EGU General Assembly 2020
© Author(s) 2020. This work is distributed under
the Creative Commons Attribution 4.0 License.

Applying machine learning and differential evolution optimization for soil texture predictions at national scale (Germany)

Anika Gebauer1, Ali Sakhaee2, Axel Don2, and Mareike Ließ1
Anika Gebauer et al.
  • 1Helmholtz Centre for Environmental Research GmbH - UFZ, Soil System Science, Leipzig, Germany (
  • 2Thünen Institute of Climate-Smart Agriculture, Braunschweig, Germany

In order to assess the carbon and water storage capacity of agricultural soils at national scale (Germany), spatially continuous, high-resolution soil information on the particle size distribution is an essential requirement. Machine learning models are good at computing complex, composite non-linear functions. They can be trained on point data to relate soil properties (response variable) to approximations of soil forming factors (predictors). Finally, the obtained models can be used for spatial soil property predictions.

We developed models for topsoil texture regionalization using two powerful algorithms: the boosted regression trees machine learning algorithm, and the differential evolution algorithm applied for parameter tuning. Texture data (clay, silt, sand) originated from two sources: (1) the new soil database of the German Agricultural Soil Inventory (BZE), and (2) the well-known, publicly available database of the European Land Use / Cover Land Survey (LUCAS). BZE texture data results from an eight-kilometer sampling raster (2991 sampling points). LUCAS data from soils under agricultural use (Germany) comprises 1377 sampling points. The predictor datasets included DEM-based topography variables, information on the geographic position, and legacy maps of soil systematic units. In a first step, a nested five-fold cross-validation approach was used to tune and train models on the BZE data. In a second step, the amount of training data was increased by adding two-thirds of the LUCAS data. Model performance was evaluated by (1) cross-validation (RCV²), and (2) by using the remaining LUCAS data as an independent external test set (Rexternal²).

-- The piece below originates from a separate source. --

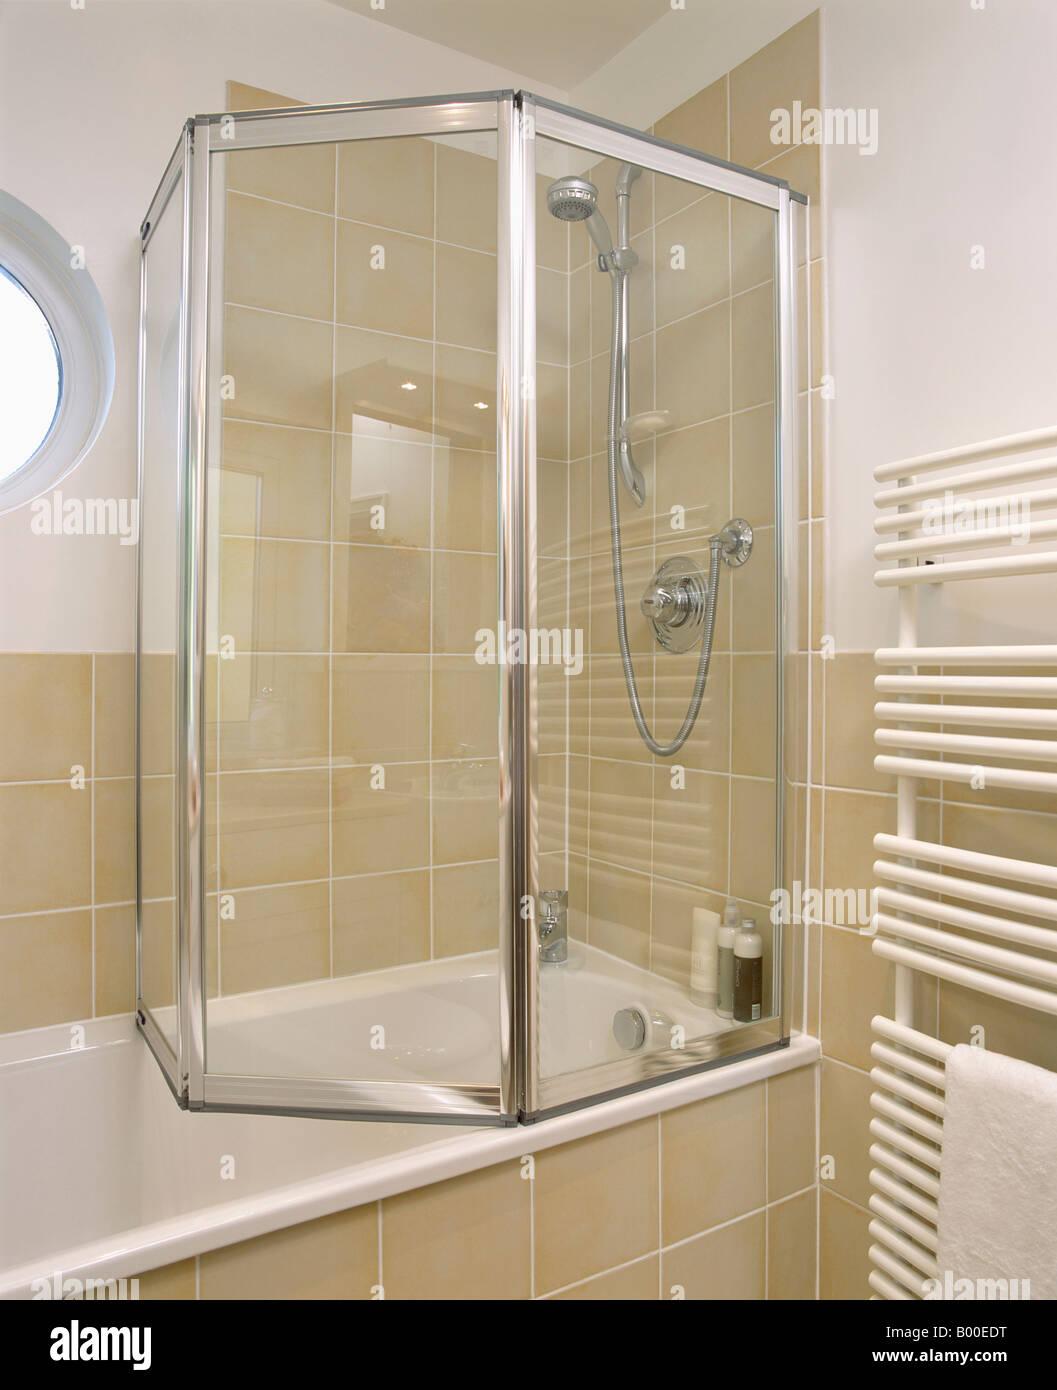 Faltbaren Glastüren Dusche Badewanne im modernen Badezimmer mit ...
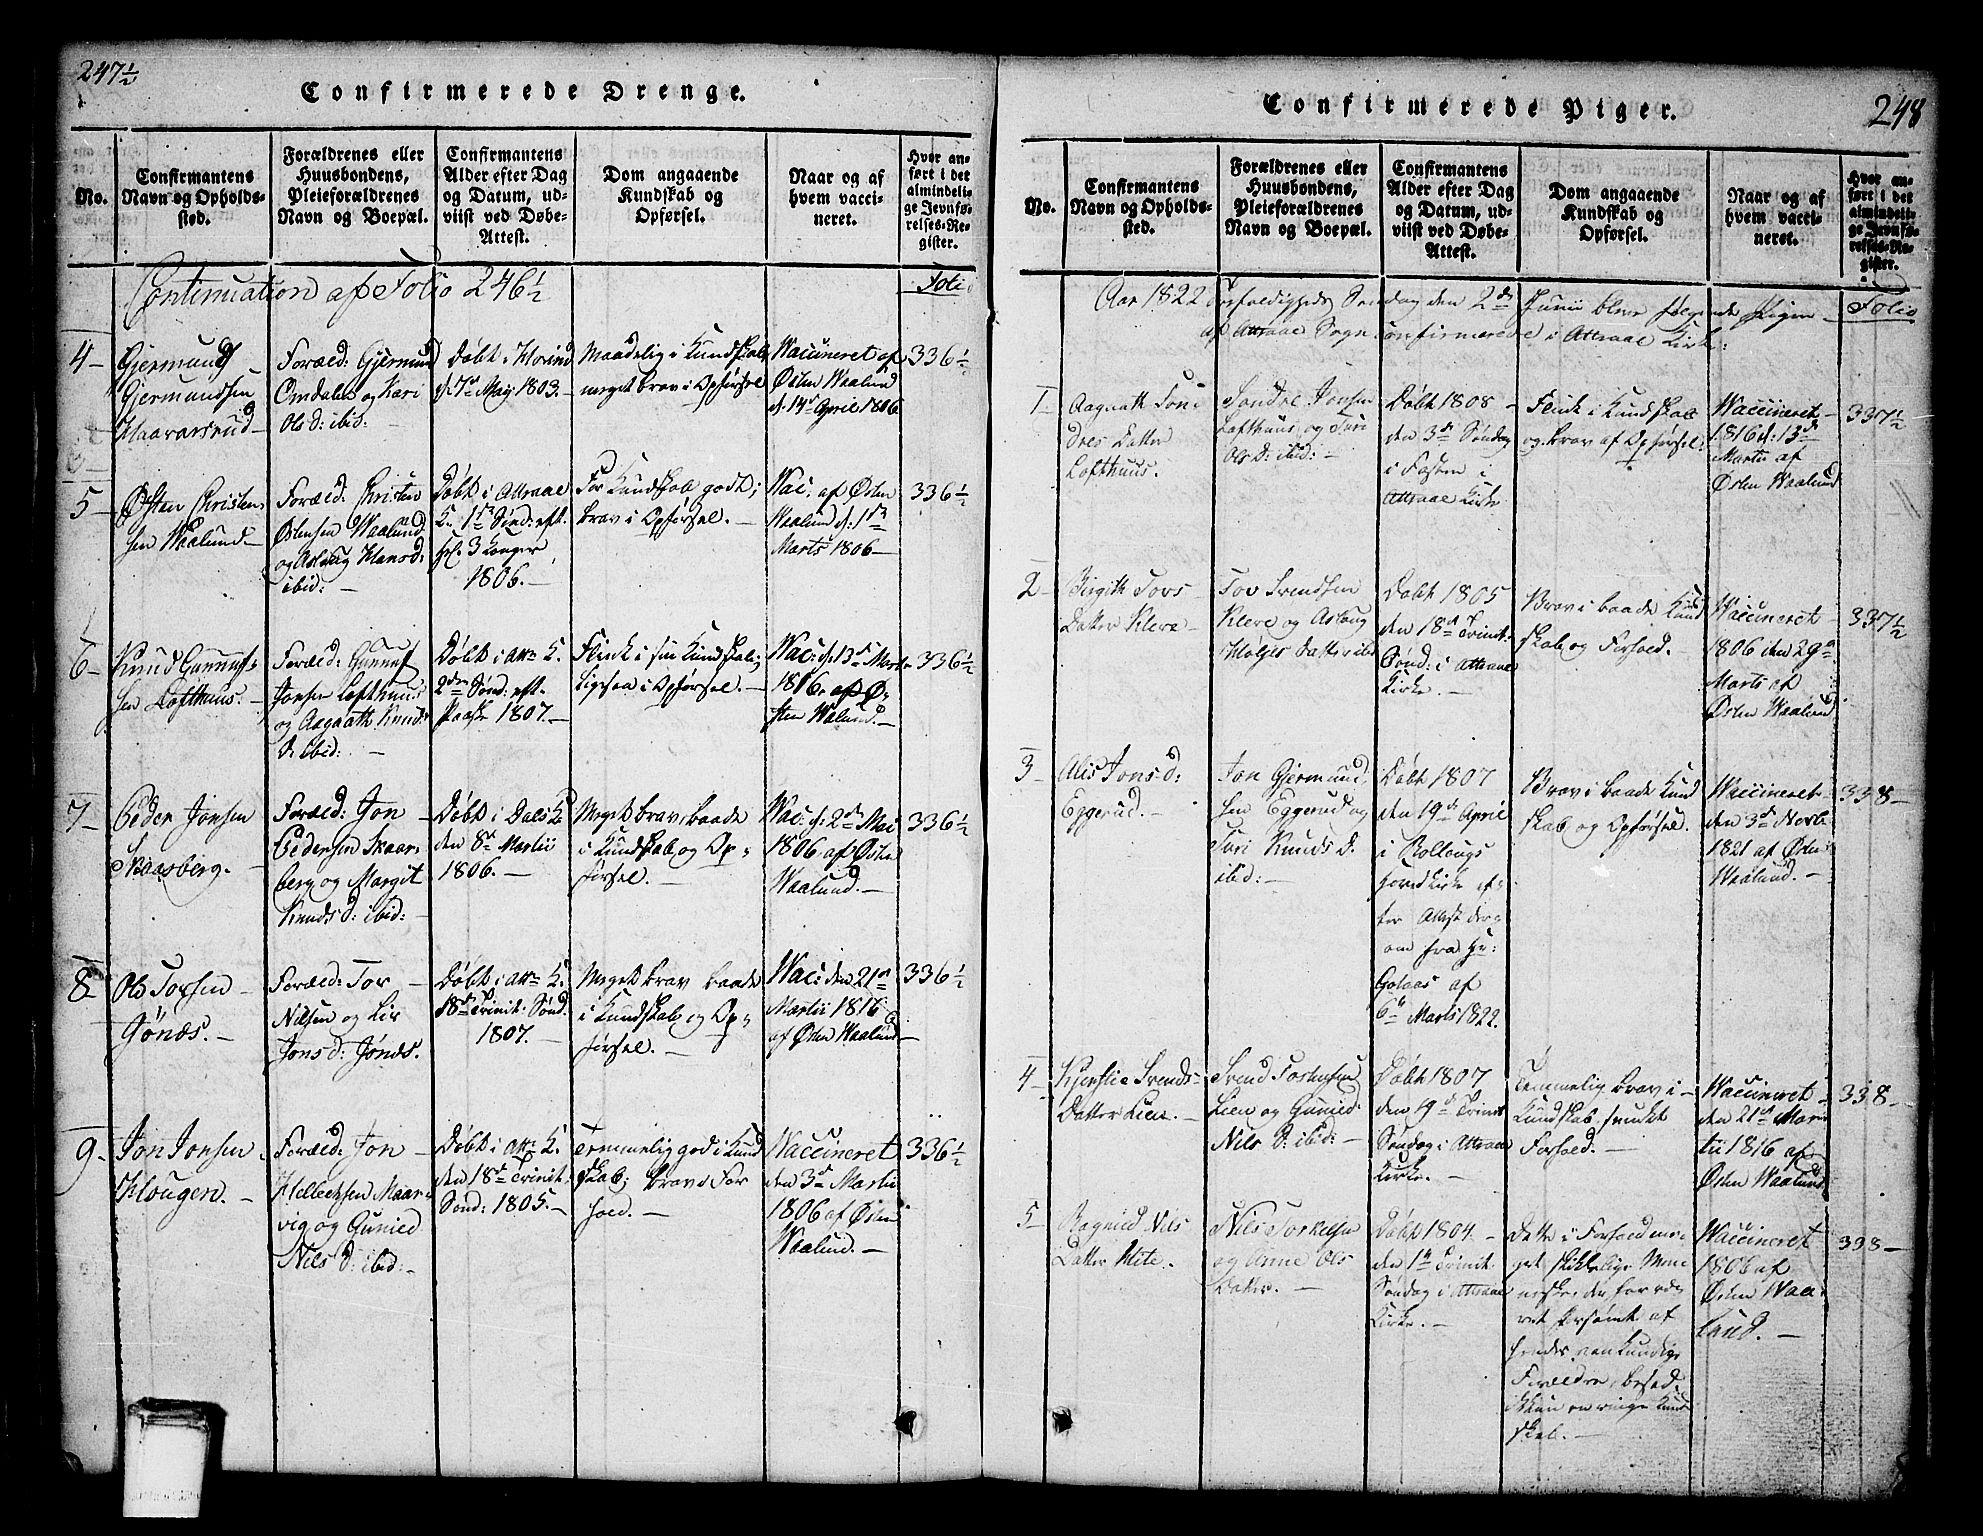 SAKO, Tinn kirkebøker, G/Ga/L0001: Klokkerbok nr. I 1, 1815-1850, s. 248

Models trained on the BZE data were able to predict the nation-wide spatial distribution of clay, silt and sand (RCV² = 0.57 – 0.76; Rexternal² = 0.68 – 0.83). Model performance was further enhanced by adding the LUCAS data to the training dataset.

How to cite: Gebauer, A., Sakhaee, A., Don, A., and Ließ, M.: Applying machine learning and differential evolution optimization for soil texture predictions at national scale (Germany), EGU General Assembly 2020, Online, 4–8 May 2020, EGU2020-11797,, 2020

This abstract will not be presented.